The quadtree is saved as prior information of the corresponding frame image;

the branches in the new quadtree are adjusted with the actual feature point distribution of the next frame image, the method specifically comprises the following steps:

Judging whether the father node P1 of the P has only leaf nodes, if so, executing the partial reconstruction on the P1;

2. The cloud edge collaborative visual slam method based on feature point prediction according to claim 1, wherein the feature point extracted from each frame is set up into a quadtree, and the method comprises the following steps:

creating a root node representing the entire image area;

Dividing by the node center (xc, yc):

;

3. The cloud edge collaborative visual slam method based on feature point prediction according to claim 1, wherein the new quadtree is built as global prior information, wherein the number of node feature pointsWherein w ₁,w₂,…,w_n is the weight of the images of different time frames, the subscript represents the sequence number, the weight value is determined by the time sequence of the image frames, the new image frames have larger weight, and vice versa, V ₁,V₂,…,V_n is the number of the characteristic points of the images of different time frames, and the subscript represents the sequence number;

4. The cloud edge collaborative visual slam method based on feature point prediction according to claim 1, wherein the feature point distribution of the next frame of image is predicted by using a multi-step markov probability model by using global prior information specifically comprises:

;

Wherein E ∙ is the maximum likelihood.

5. The cloud edge collaborative visual slam method based on feature point prediction according to claim 4, wherein X _n+1 is related to the finite k=3 states X _n,X_n-1,...,X_n-2 before X _n+1 to obtain a third order Markov probability model P(X_n+1|X_n,X_n-1,...,X₀)=P(X_n+1| X_n,X_n-1,...,X_n-2);

The state transition of the characteristic point distribution between the front image frame and the rear image frame in a short time satisfies the linear relation that X _n+1=aX_n +bX_n-1+cX_n-2+...+ X₁ +epsilon, epsilon is Gaussian noise, and then:

;

wherein a, b and c are linear coefficients.

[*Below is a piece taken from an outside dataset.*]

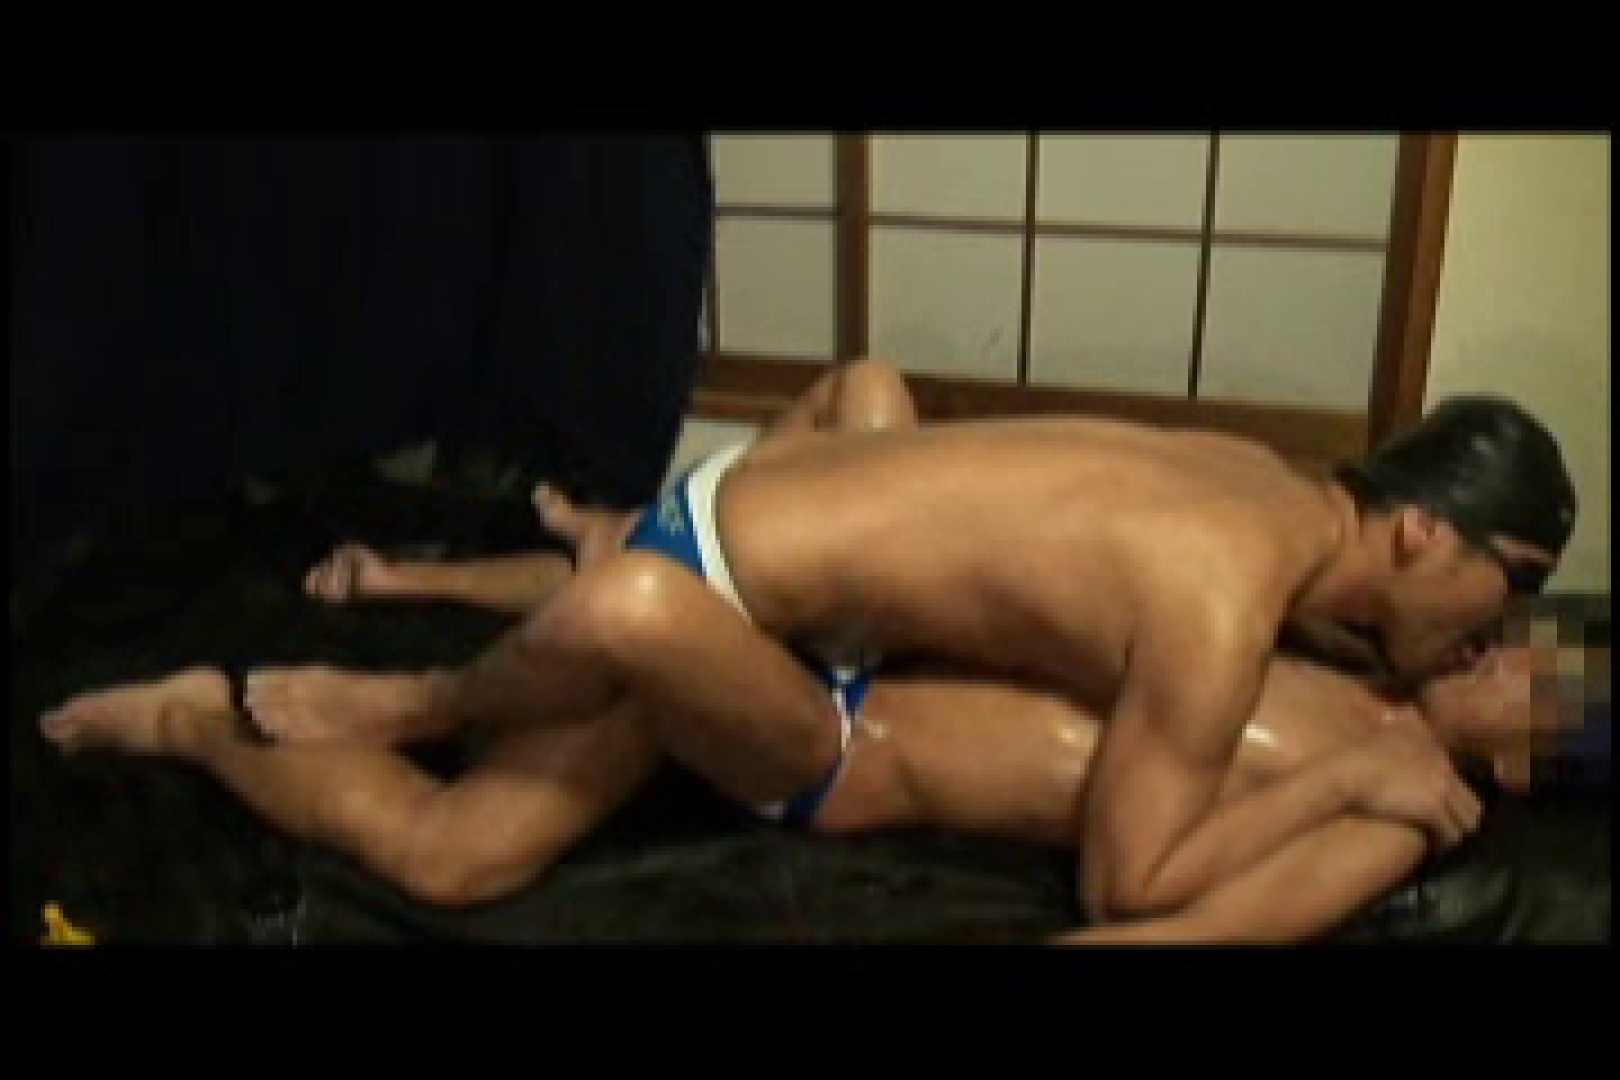 スジ筋ガチムチゴーグルマンvol6 手コキ AV動画 109枚 83

6. The cloud edge collaborative visual slam method based on feature point prediction according to claim 1, wherein the number of quadtree layers is set at the beginning of the step of adjusting branches in the new quadtree, and corresponding leaf nodes with leaf node feature point numbers smaller than a set threshold T2 are assigned to-1, indicating discarded regions, and discarded nodes do not play a role in merging.

7. The cloud edge collaborative visual slam system based on the feature point prediction is characterized by comprising an edge end, an edge server and a cloud server which are communicated with each other through a communication module;

The edge end applies the cloud edge collaborative visual slam method based on the characteristic point prediction according to any one of claims 1-6 to obtain image characteristic point distribution, and builds and stores a sub-map;

8. The cloud edge cooperative visual slam device based on the feature point prediction is characterized by comprising a memory and at least one processor, wherein the memory is stored with instructions, the memory is connected with the at least one processor through a line, and the at least one processor calls the instructions in the memory to enable the cloud edge cooperative visual slam device based on the feature point prediction to execute the cloud edge cooperative visual slam method based on the feature point prediction according to any one of claims 1-6.

9. A storage medium storing a program, wherein the program when executed by a processor implements a cloud edge collaborative visual slam method based on feature point prediction as set forth in any one of claims 1-6.